* **TASK DESCRIPTION**
Please, could you print all the lines below exactly, leaving out the pictures?

* **INFORMATION PROVIDED**
==*==

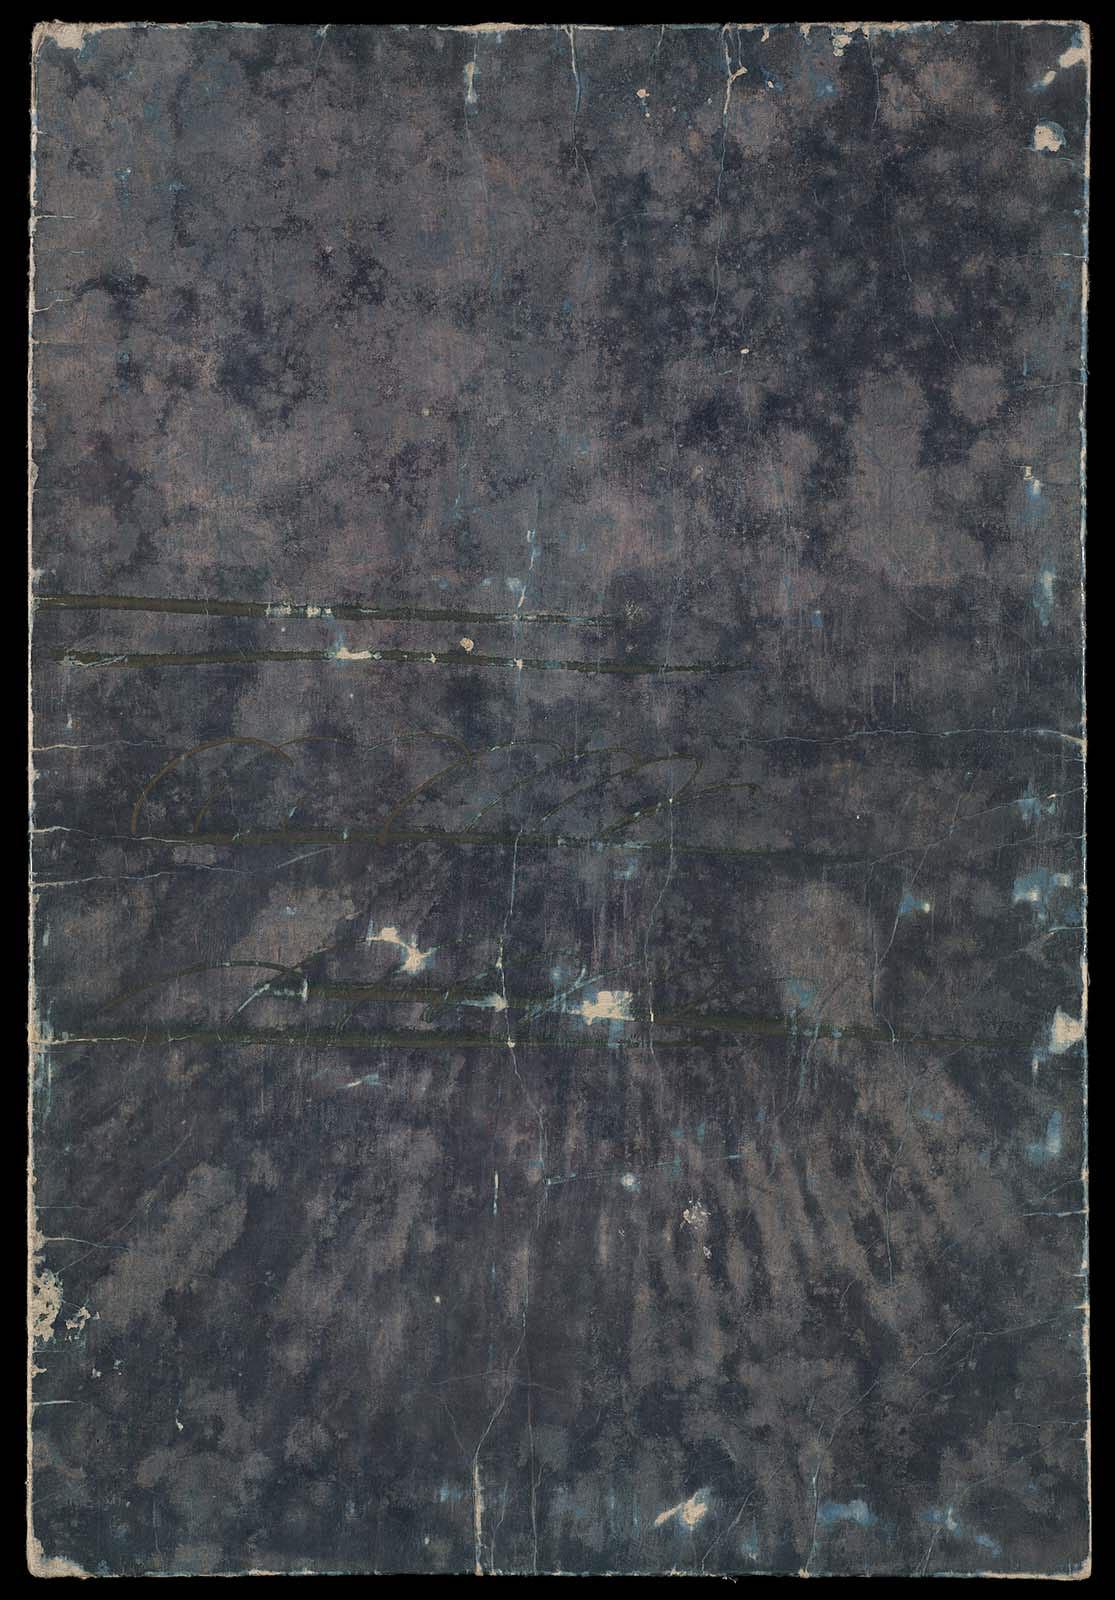 SC204468.jpg
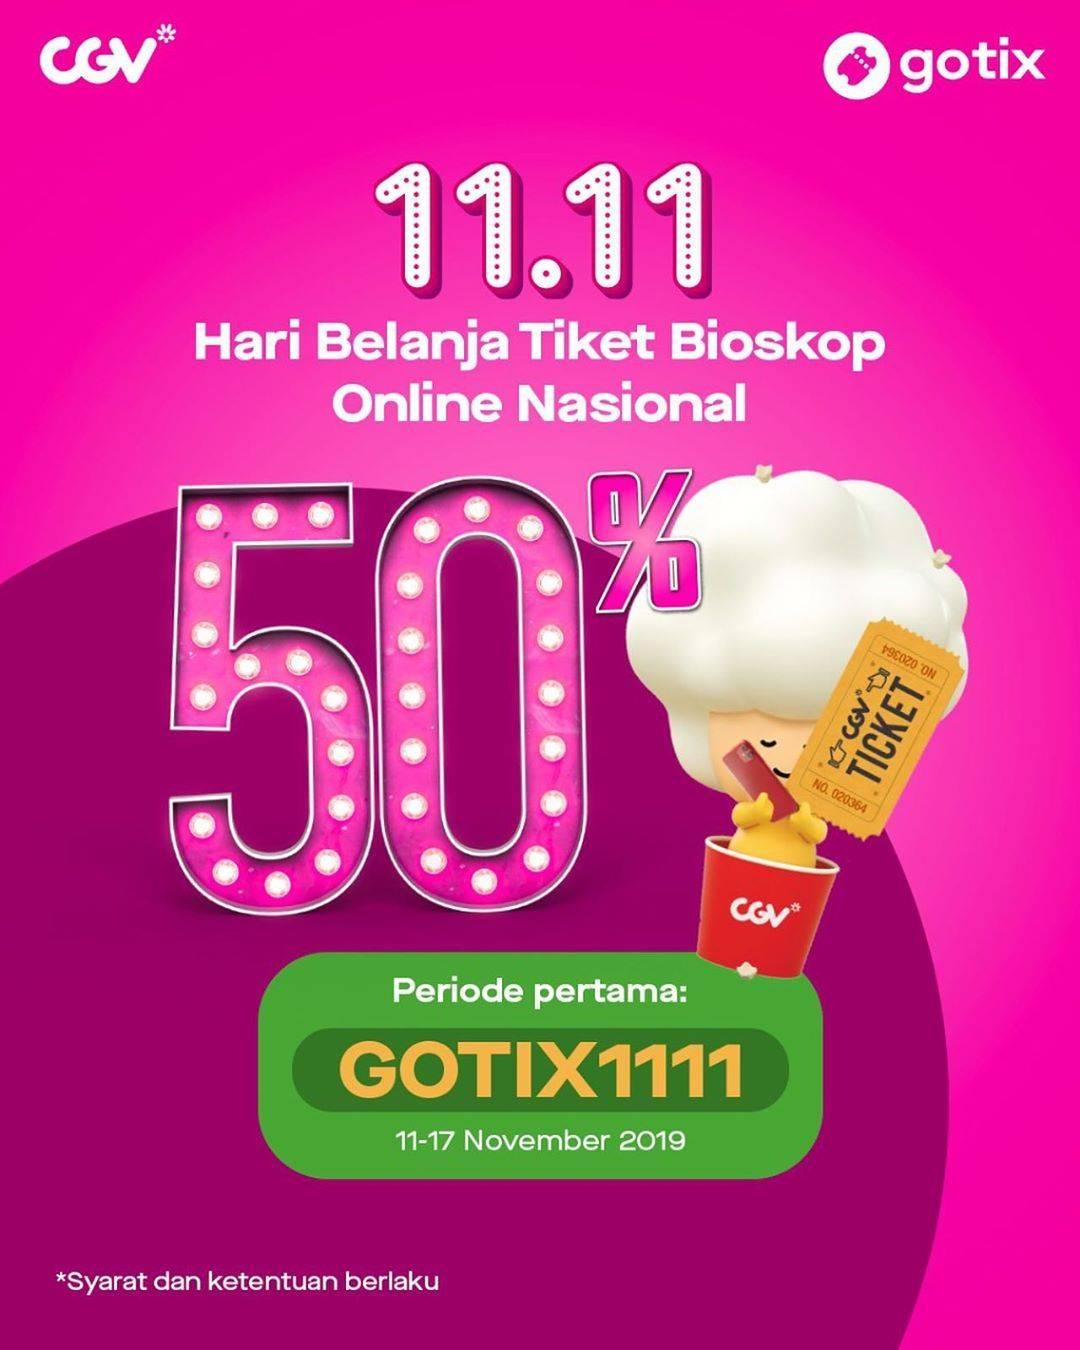 Diskon Gotix Promo Diskon 50% Tiket Nonton di CGV - Hari Belanja Tiket Bioskop Online Nasional
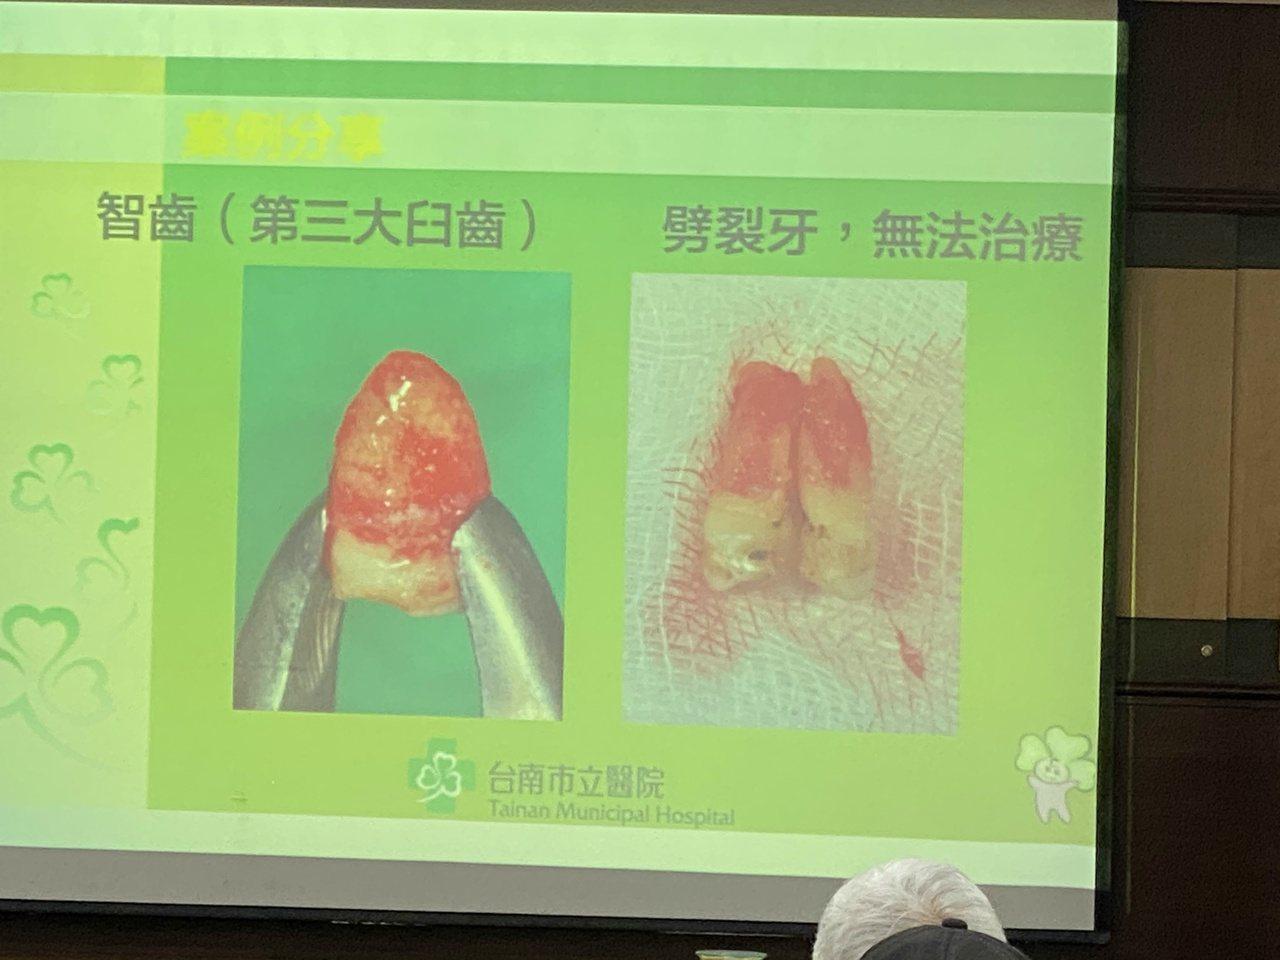 台南市立醫院牙醫師鍾瑞哲指出,缺牙患者條件若能配合,可考慮自體移植臼齒到缺牙窩洞...

==*==

* **EXERCISE RESULT**
 SC204468.jpg
 Diskon Gotix Promo Diskon 50% Tiket Nonton di CGV - Hari Belanja Tiket Bioskop Online Nasional
 台南市立醫院牙醫師鍾瑞哲指出,缺牙患者條件若能配合,可考慮自體移植臼齒到缺牙窩洞...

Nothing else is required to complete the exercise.